Data Sharing: Fast Forward Consent

Chair: Nazneen Rahman (The Institute of Cancer Research, The Royal Marsden NHS Foundation Trust)
For the rest of the 4th Plenary Meeting – October 18th, check out the summaries found in Global Alliance for Genomics & Health.

David Haussler (University of California, Santa Cruz) reviewed the technical process and progress of GA4GH toward data sharing in translational medicine. The evolving vision centers on fostering agreement on how genetic variants and other data elements are represented, so that an application programming interface (API) can define how the data are exchanged, transferred, and manipulated. The API can be used in public data sets, and also provide appropriate levels of authorized access to the private data sets hosted by medical research institutions, patient advocacy registries, hospitals, health IT companies, national health services, and other constituents.

The code is all open source and lives in Github, a collaborative web space where hundreds of people worldwide have contributed code under the constant evaluation of the most active GA4GH contributors. Still in development toward the 1.0 version, the GA4GH Genomics API is a constellation of objects making up an ecosystem. Haussler urged individuals and organizations to get involved in developing the API further. Task teams tackle specific technical issues, and the API supports demonstration projects, such as Beacons, Matchmaker Exchange, the BRCA Challenge, and the Cancer Gene Trust.

The underlying bricks and mortar of the API are data standards, which started when the 1000 Genomes Project built BAM and VCF, two file formats that became the de facto world standard for genetic reads and variants.

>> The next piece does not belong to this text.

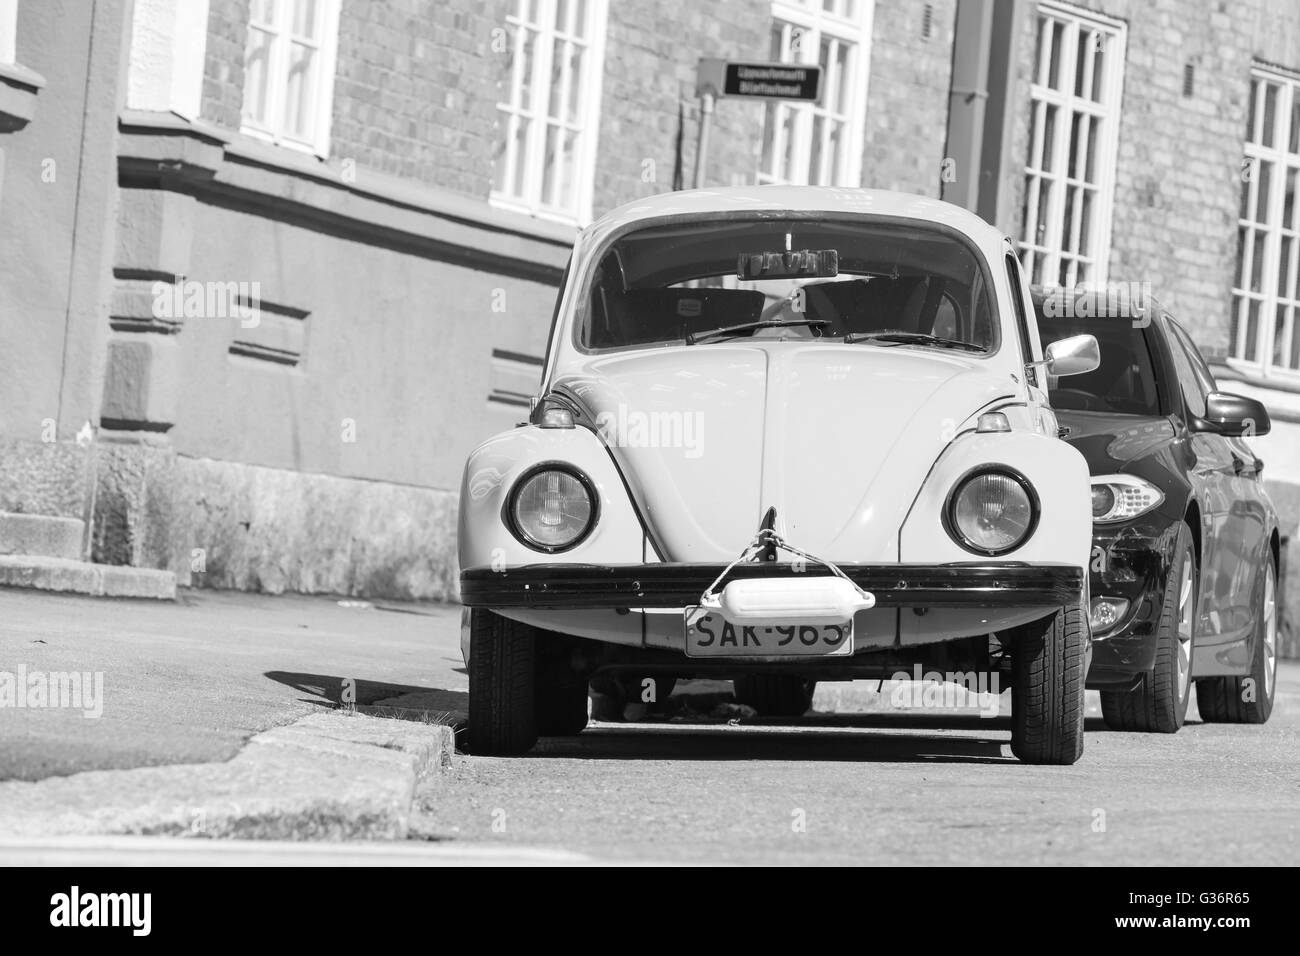 Helsinki, Finland - May 7, 2016: Old  Volkswagen beetle, front view, black and white Stock Photo

GA4GH volunteers are maintaining those and also building an abstract version of that data so that it can be articulated in the more flexible API format.

A new project aims to create a single ethnically diverse reference using all the world’s genomes, rather than an individual genome from one particular ethnic group, as is the case for the current reference genome. Another project answers a surprisingly basic question about what constitutes a genetic allele in precise machine-readable form. Subtle differences exposed by Reece Hart and his Variation Modeling Collaboration revealed the potential for ambiguity and confusion between the major constituencies storing and exchanging genetic variants. This must be solved before using the shared data in clinical practice, Haussler said. A recent addition was the streaming API to transfer large data files efficiently.

One task team aims to bring code to the data, addressing the expectation that code may move more freely, because of privacy restrictions and cross-border genomic data restrictions. Code would move in containers known as Dockers, connected in processes called workflows—all requiring an API that allows the complex code to not only run reproducibly in different data centers, but to understand layers of authorization and access.

A new project, Variant Interpretation for Cancer Consortium, led by investigators at Washington University in St. Louis, U.S., and Universitat Pompeu Fabra in Spain, is uniting a number of the best databases for actionable interpretation of somatic cancer variants to create a one-stop, carefully reviewed and authoritative place to find the information. As of the Plenary, GA4GH counted 92 international genomic data initiatives. GA4GH wants the world to collaborate on the interface, allowing all constituents to communicate, and also wants to encourage competition on implementation.